This tutorial explores several different ways to approach a corpus of texts. It's important to note that corpus linguistic approaches are rarely, if ever, a one-size-fits all affair. So, as you go through each step, it's worth thinking about what you're doing and how it can help you answer a specific question with your data. Although I present this tutorial in a building-block approach of 'do this then that to achieve x', it's not always necessary to follow the exact order outlined here. This lessons provides an outline of some of the methods available, rather than a recipe for success.
-
Software:AntConc.
Unzip the download if necessary, and launch the application. Screen shots below may vary slightly from the version you have (and by operationg system, of course), but the procedures are more or less the same across platforms and recent versions of AntConc. -
Sample Corpus: Download the zip file of movie reviews.
- Working with plain text files
- The AntConc user interface, loading corpora
- Keyword-in-context searching
- Advanced keyword-in-context searching
- Collocates and word lists
- Comparing corpora
- Discussion: Making meaningful comparisons
- Further resources
As you work through the Lab, you will see there are a lot of options in AntConc.
- Be sure to write down which options you are using in your Lab Notebook.
- When you download/export results: be sure to write down the filename and what corpus, options, and tool you used
- Antconc works only with plain-text files with the file appendix .txt (eg Hamlet.txt).
- Antconc will not read .doc, .docx, .pdf, files. You will need to convert these into .txt files.
- It will read XML files that are saved as .txt files (it's OK if you don't know what an XML file is).
Visit your favorite website for news, and navigate to a news article (doesn't matter which one, as long as it is primarily text). Highlight all text in the article (header, byline, etc), and right-click "copy".
Open a text editor such as Notepad (on Windows) or TextEdit (on Mac) and paste in your text.
Other free options for text editors include Notepad++ (Windows) or TextWrangler (Mac), which offer more advanced features, and are especially good for doing a lot of text clean-up. By text clean-up, I mean removing extratextual information such as "boilerplate", which appears regularly throughout. If you keep this information, it's going to throw your data off; text analysis software will address these words in word counts, statistical analyses, and lexical relationships. For example, you might want to remove standard headers and footers which will appear on every page. Please see “Cleaning Data with OpenRefine" for more on how to automate this task. On smaller corpora it may be more feasible to do this yourself, plus you'll get a much better sense of your corpus this way.
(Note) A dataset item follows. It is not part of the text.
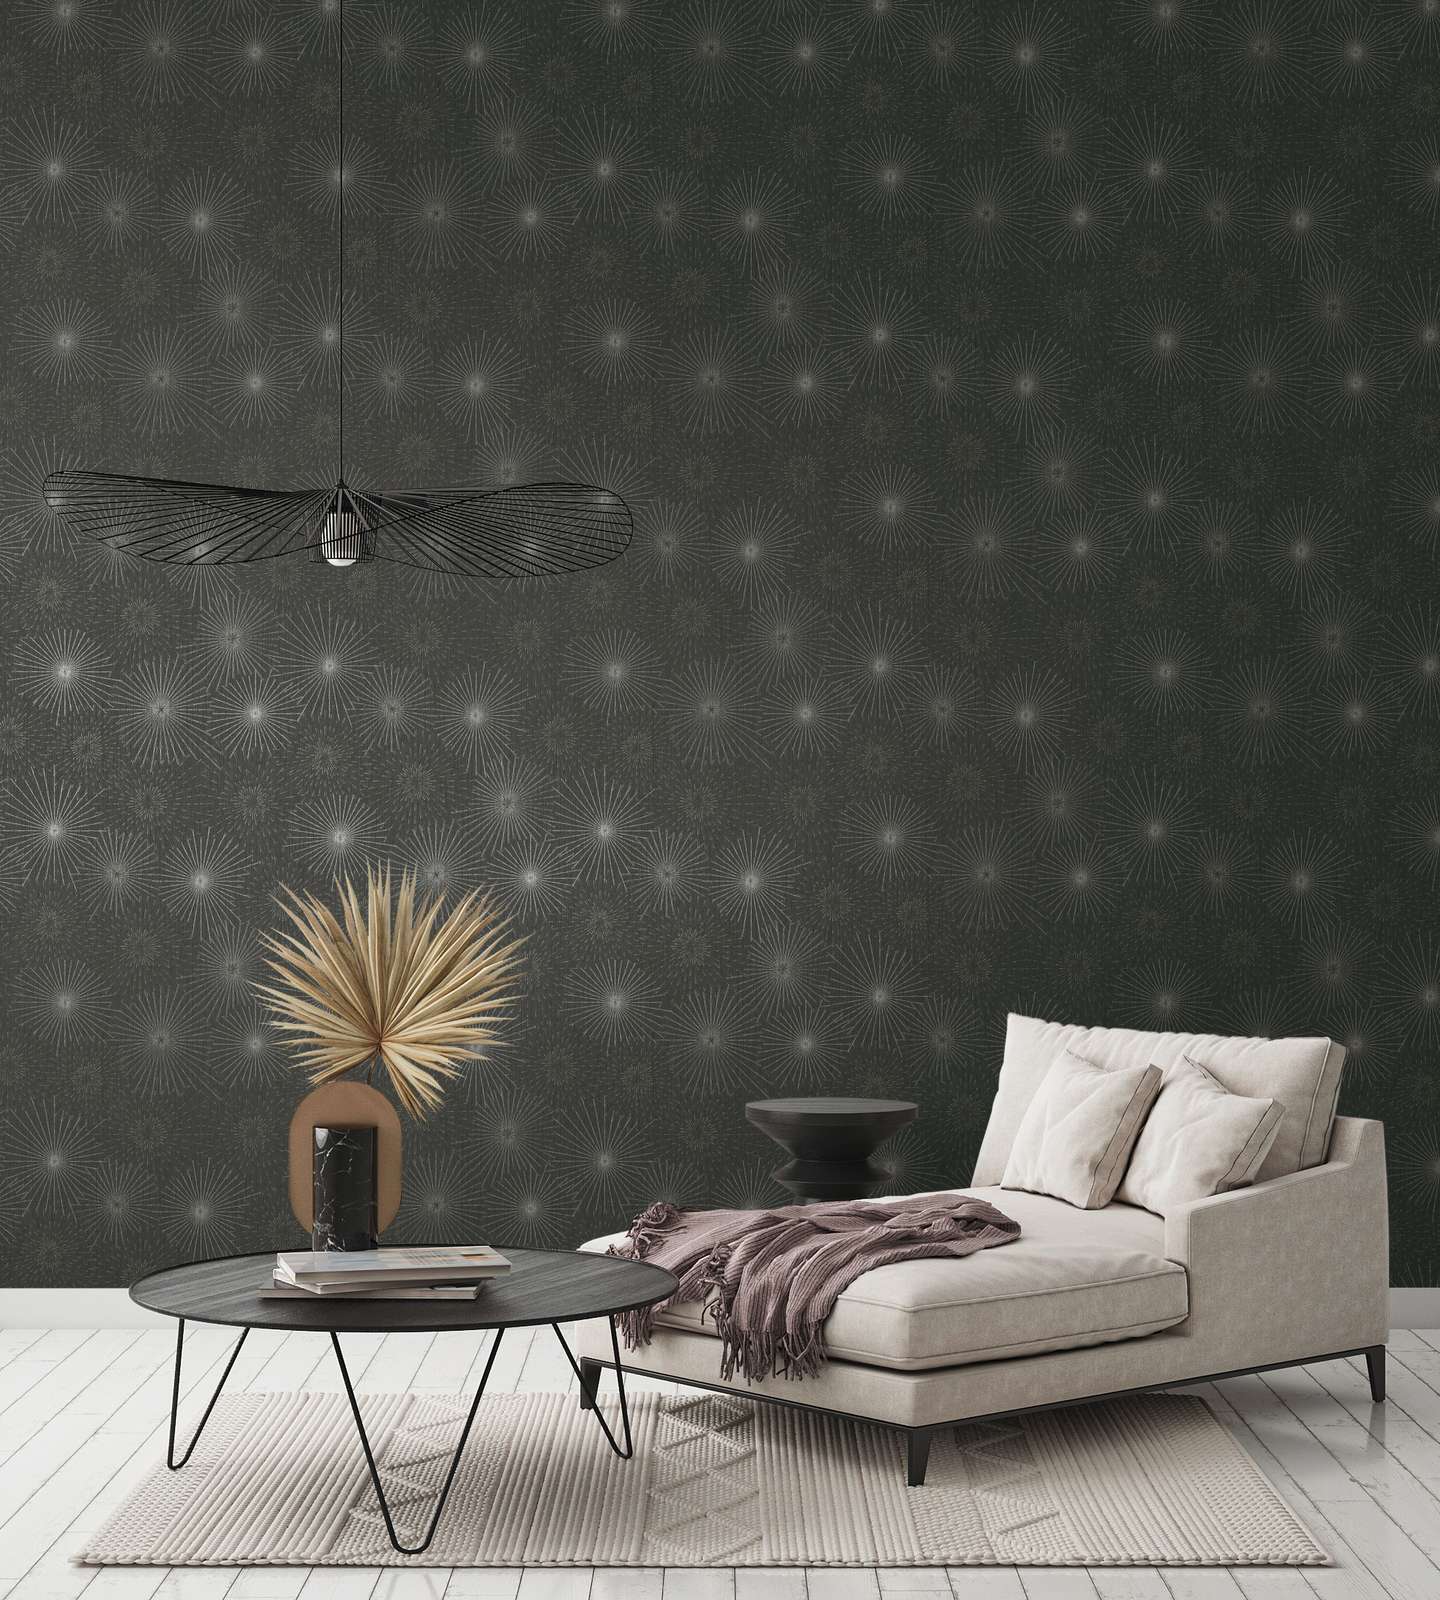             Retro wallpaper 50s starburst motif - black, metallic

Save the article as a .txt file to the desktop. You may want to do some follow-up text cleanup on other information, such as author by-line or title (remove them, then save the file again.) Remember that anything you leave in the text file can and will be addressed by text analysis software.
Go to your desktop and check to see you can find your text file.
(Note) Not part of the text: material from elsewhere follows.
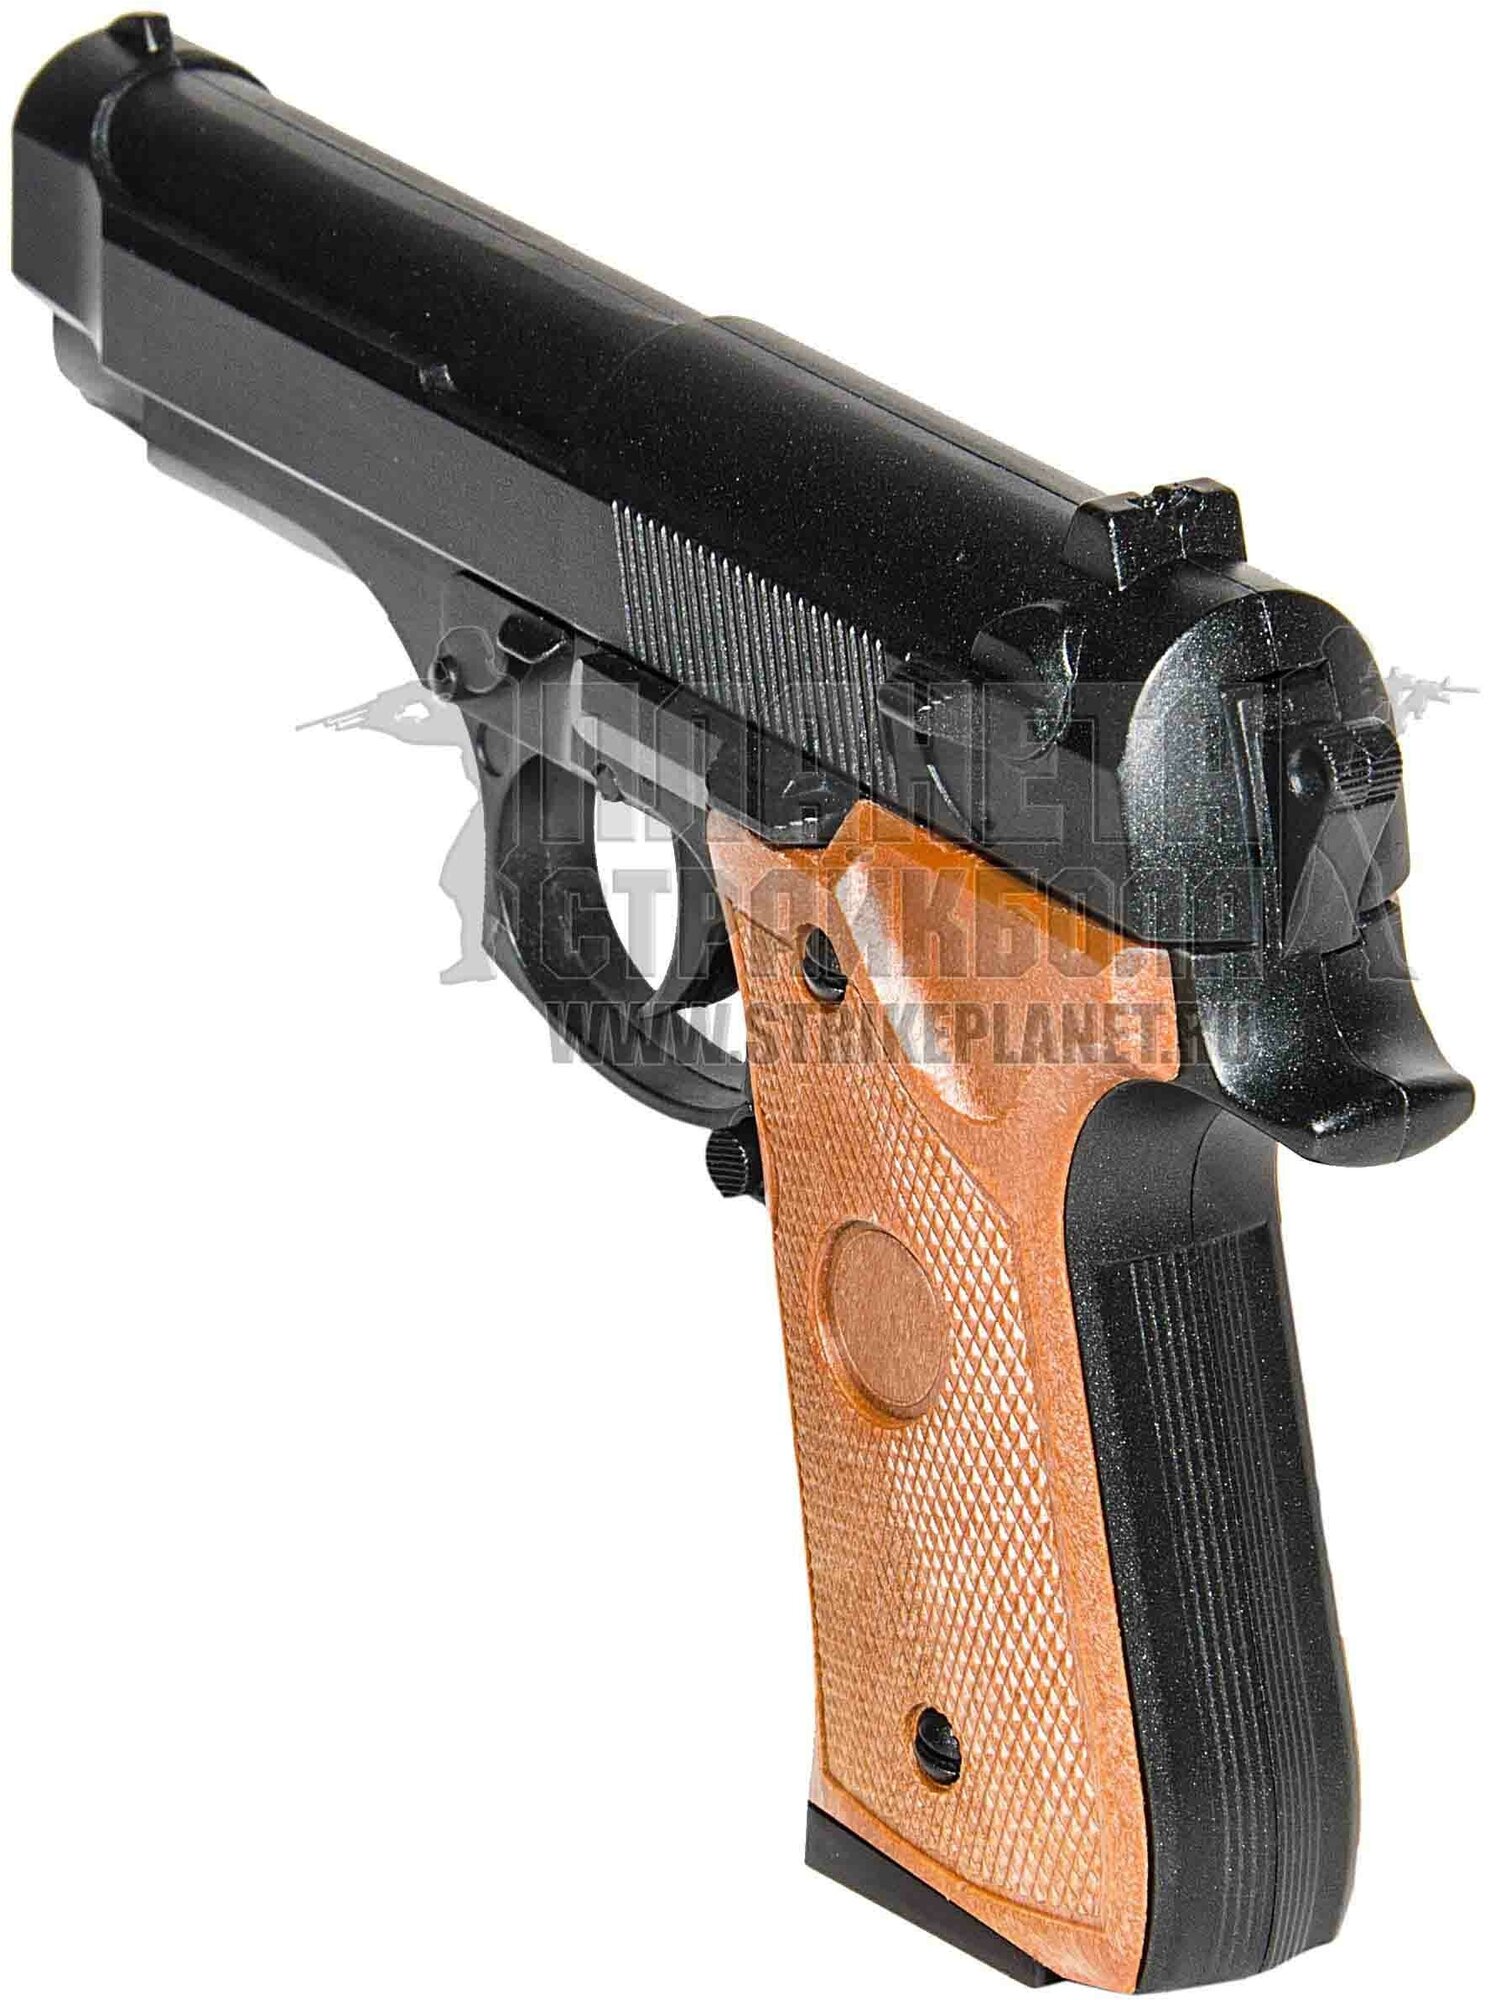 Cтрайкбольный пистолет Galaxy G.22 Beretta 92 mini металлический, пружинный

Repeating this a lot is how you would build a corpus of plain text files; this process is called corpus construction, which very often involves addressing questions of sampling, representativeness and organization. Remember, each file you want to use in your corpus must be a plain text file for Antconc to use it. It is customary to name files with the .txt suffix so that you know what kind of file it is.
As you might imagine, it can be rather tedious to build up a substantial corpus one file at a time, especially if you intend to process a large set of documents. It is very common, therefore, to use webscraping (using a small program to automatically grab files from the web for you) to construct your corpus. To learn more about the concepts and techniques for webscraping, see the Programming Historian tutorials scraping with Beautiful Soup and automatic downloading with wget. Rather than build a corpus one document at a time, we're going to use a prepared corpus of positive and negative movie reviews, borrowed from the Natural Language Processing Toolkit. The NLTK movie review corpus has 2000 reviews, organized by positive and negative outcomes; today we will be addressing a small subset of them (200 positive, 200 negative).
Corpus construction is a subfield in its own right. Please see Representativeness in Corpus Design," Literary and Linguistic Computing, 8 (4): 243-257 and Developing Linguistic Corpora: a Guide to Good Practice for more information.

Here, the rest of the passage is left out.